### COLLECTED MATERIAL

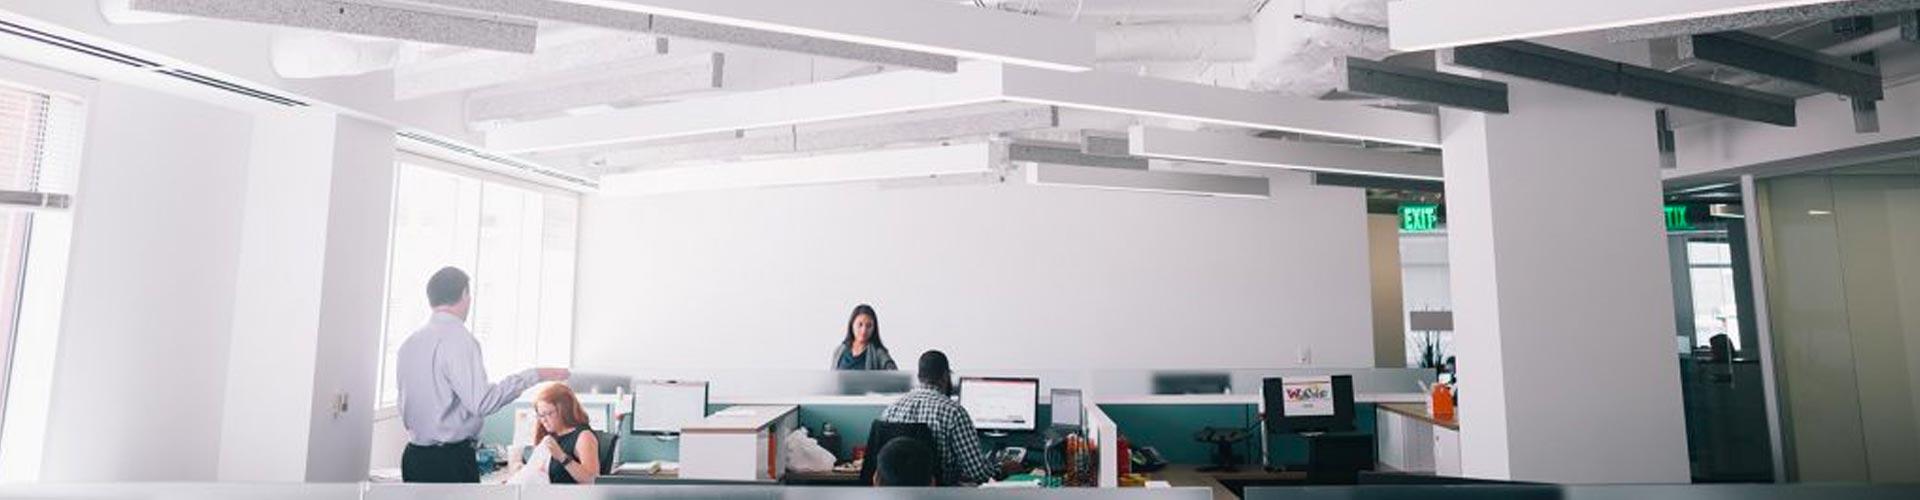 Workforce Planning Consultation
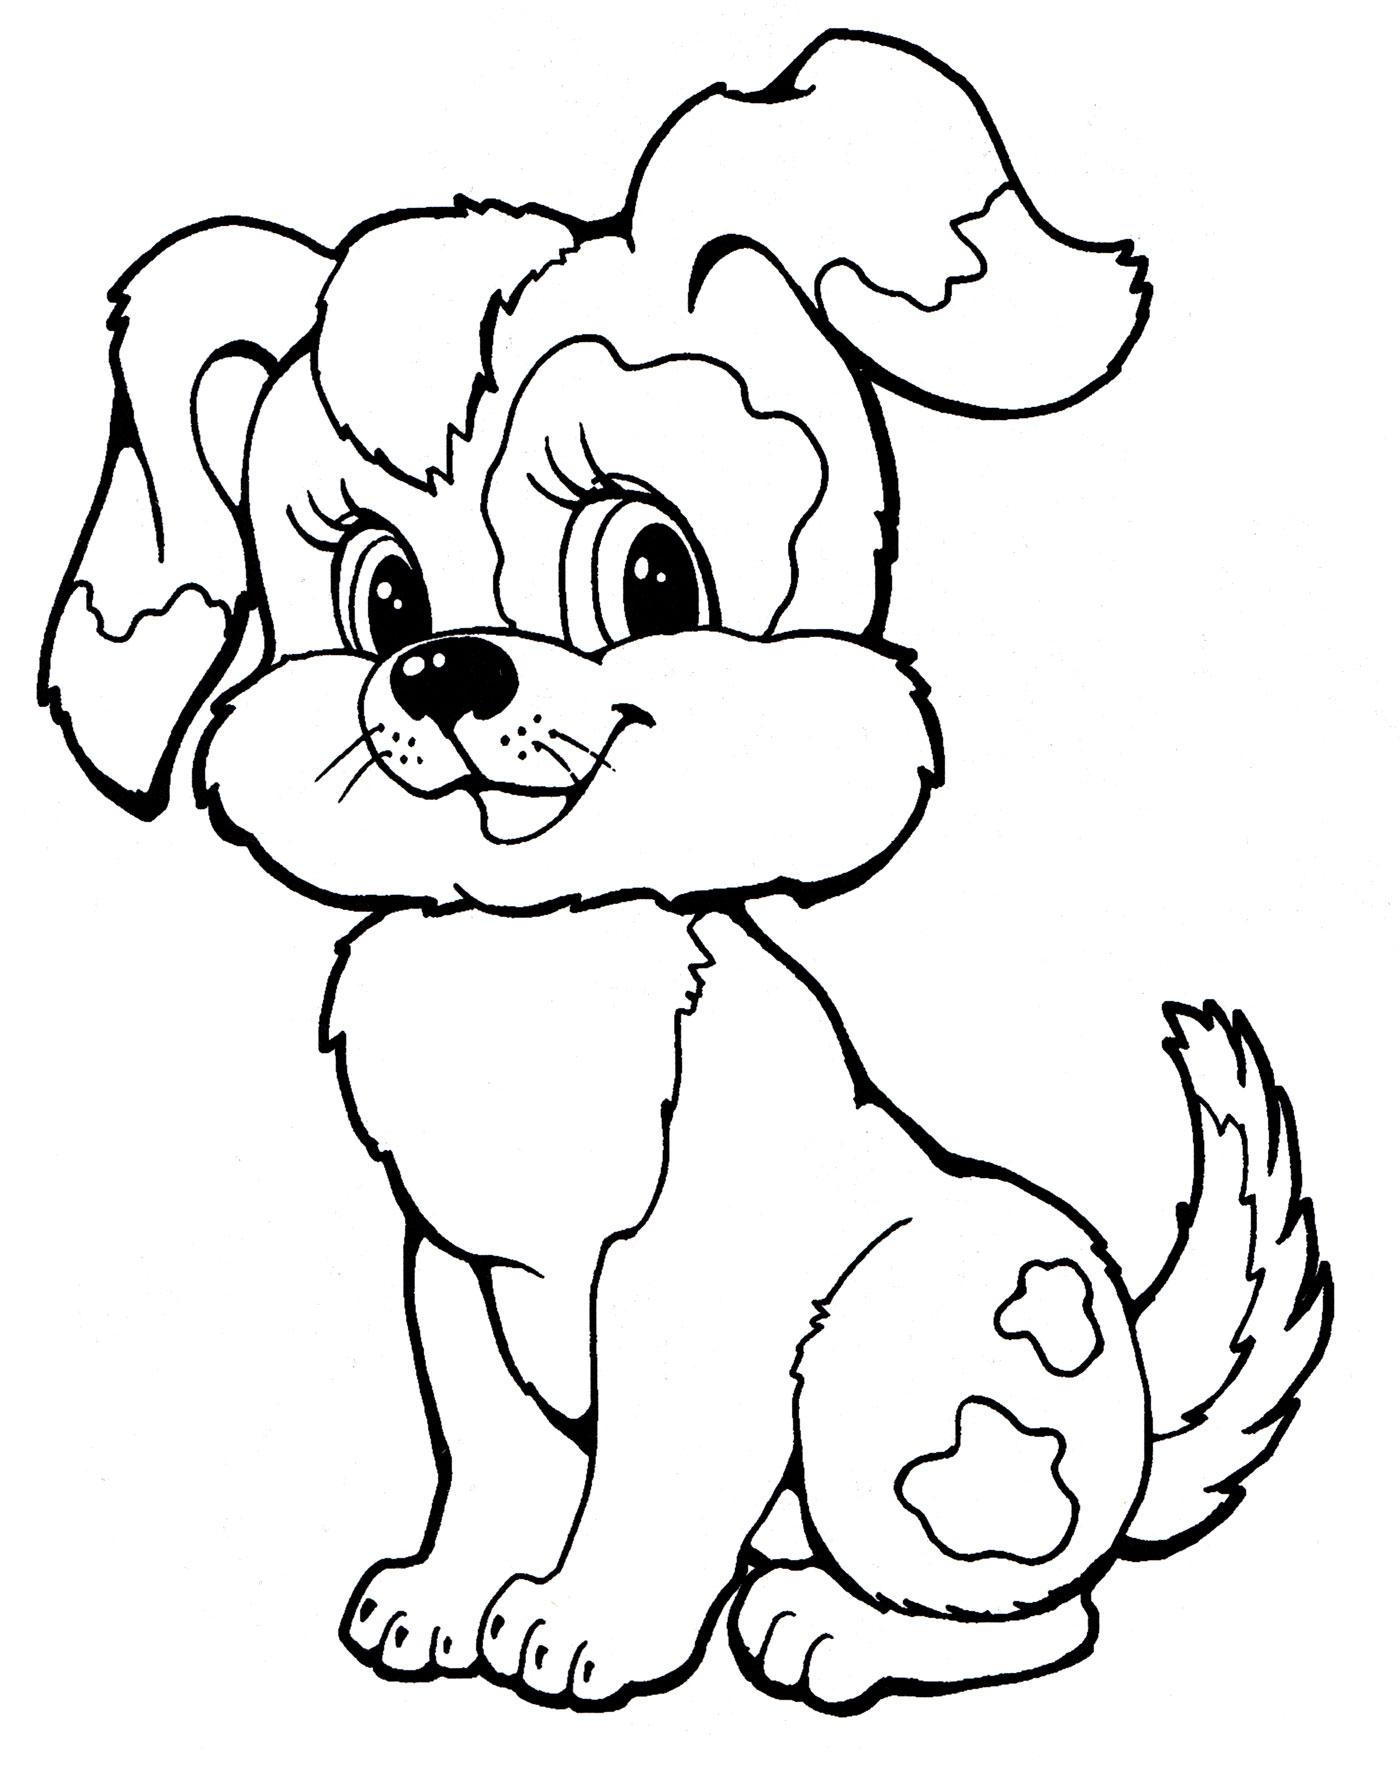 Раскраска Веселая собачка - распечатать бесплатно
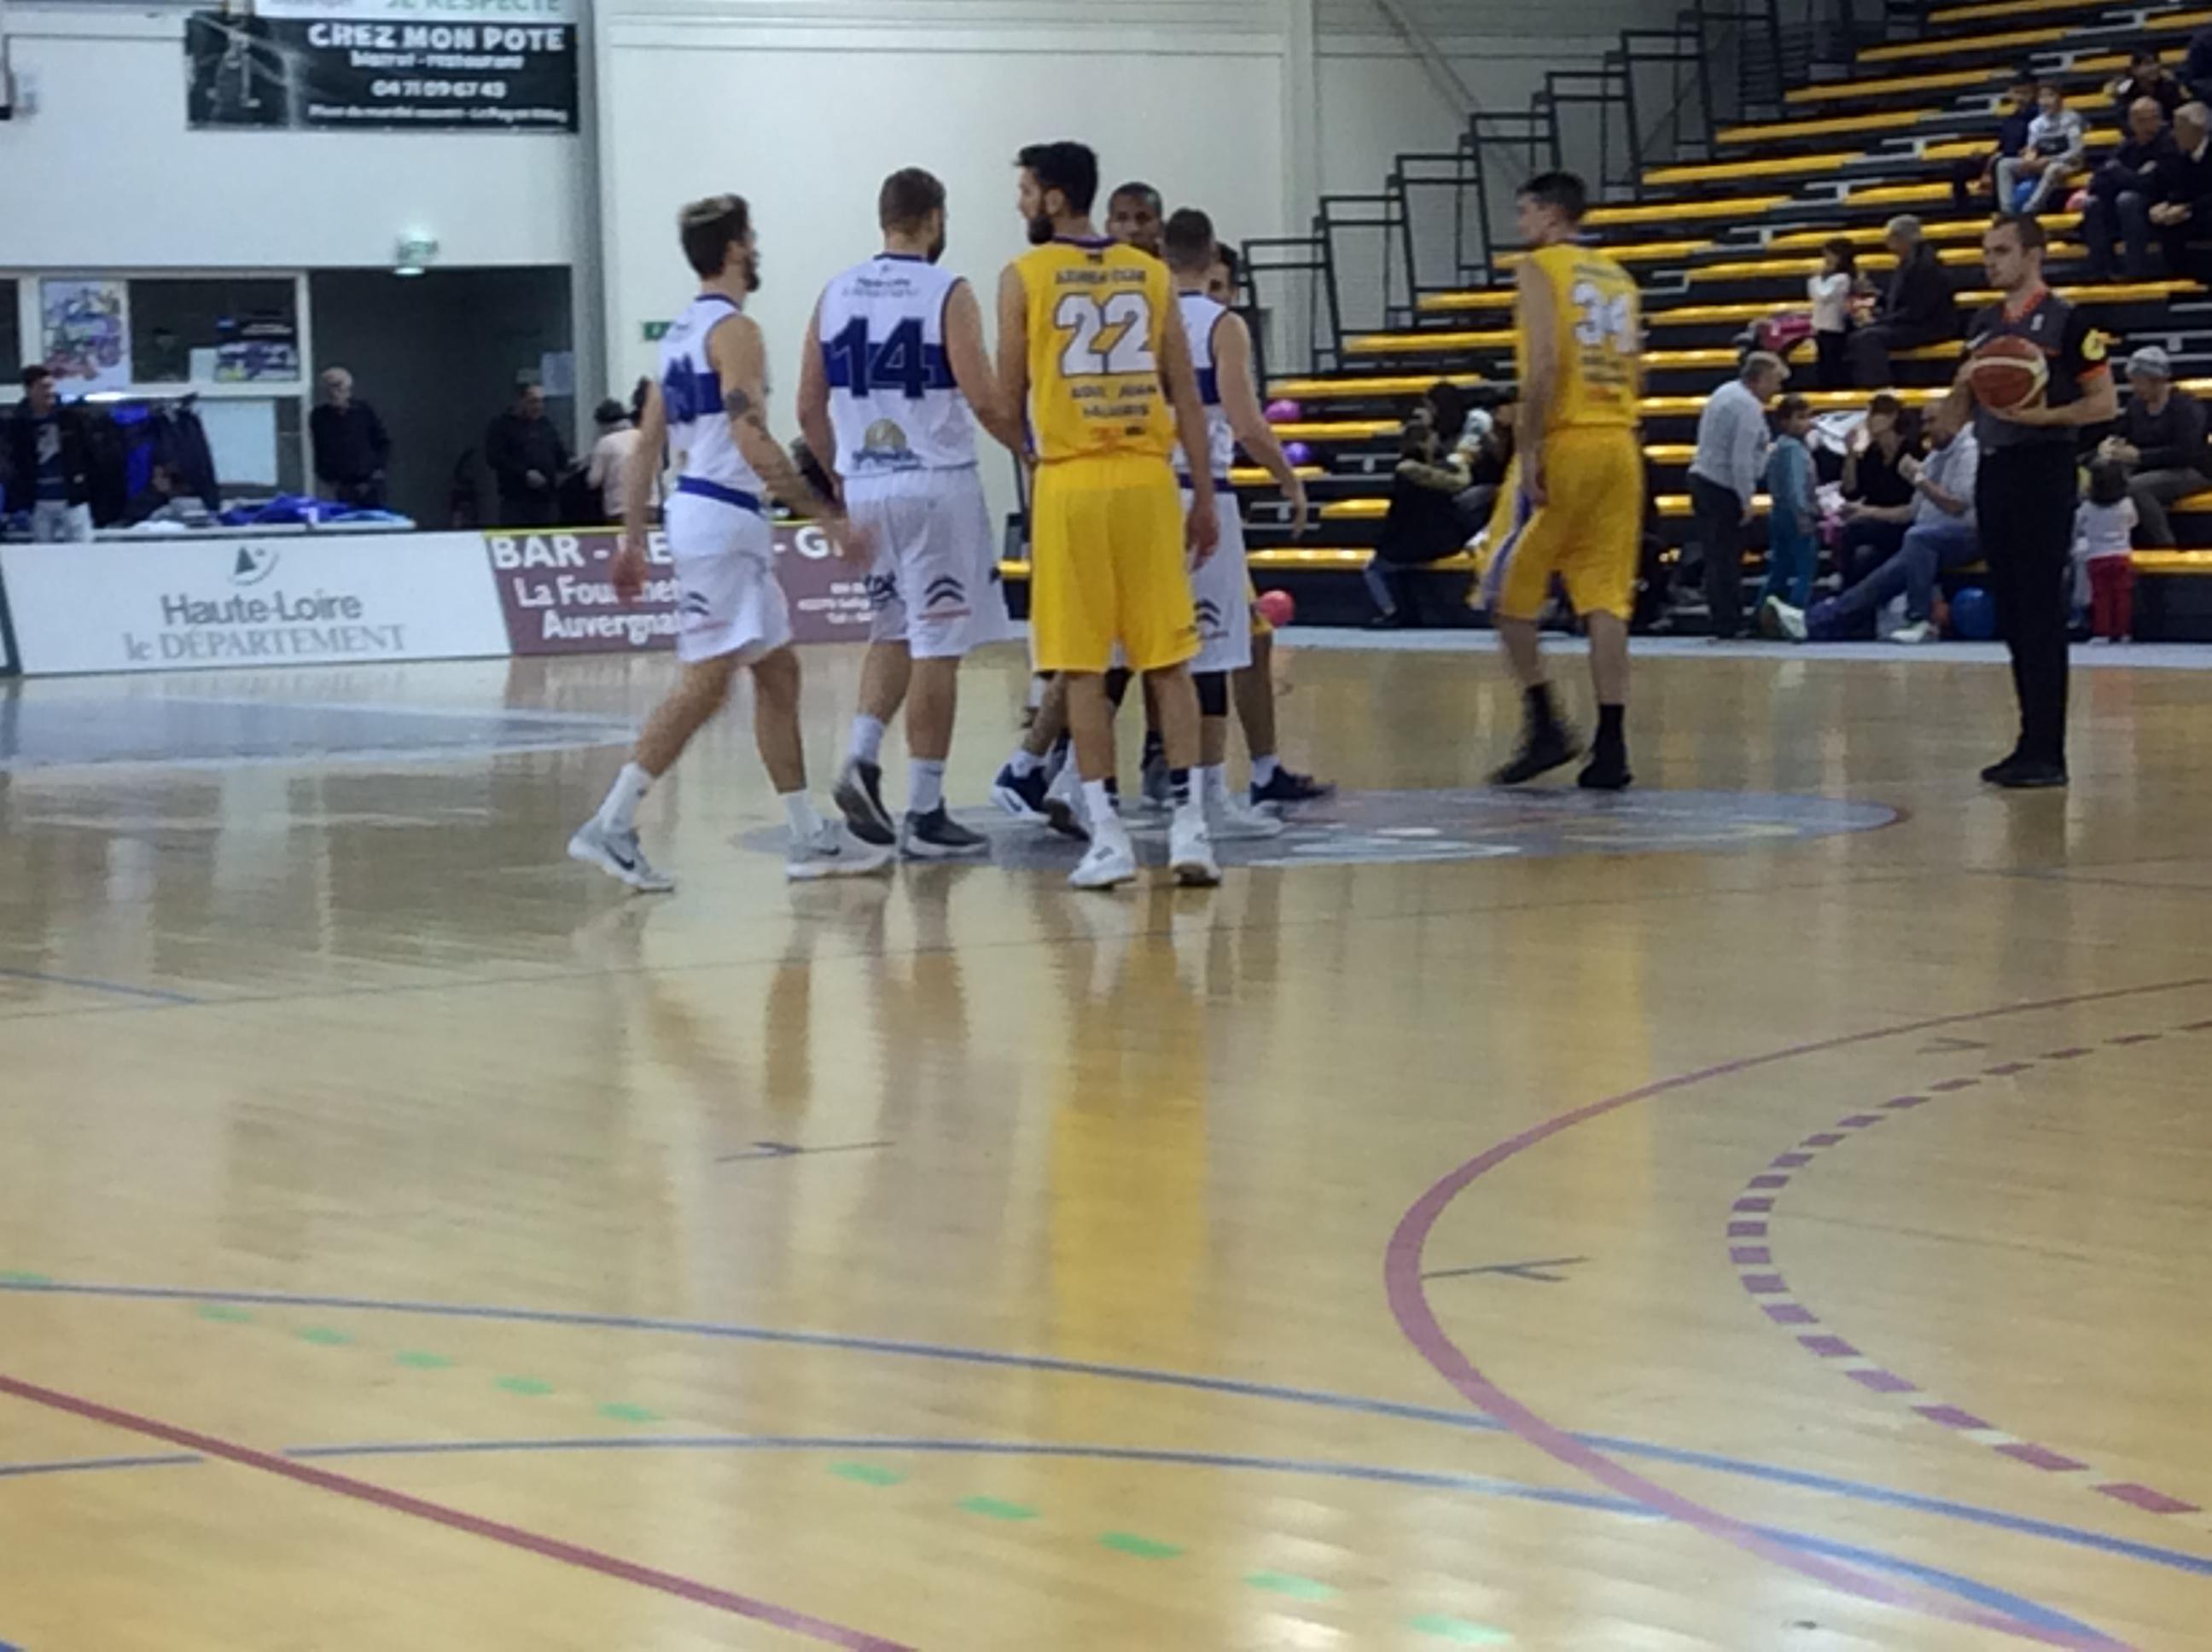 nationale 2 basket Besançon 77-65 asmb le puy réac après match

### WORK ORDER
Word for word, reproduce each line from the one with "Раскраска Веселая собачка" through the last line of the material above, both included, and drop the pictures.

### WRITTEN RESPONSE
 Раскраска Веселая собачка - распечатать бесплатно
 nationale 2 basket Besançon 77-65 asmb le puy réac après match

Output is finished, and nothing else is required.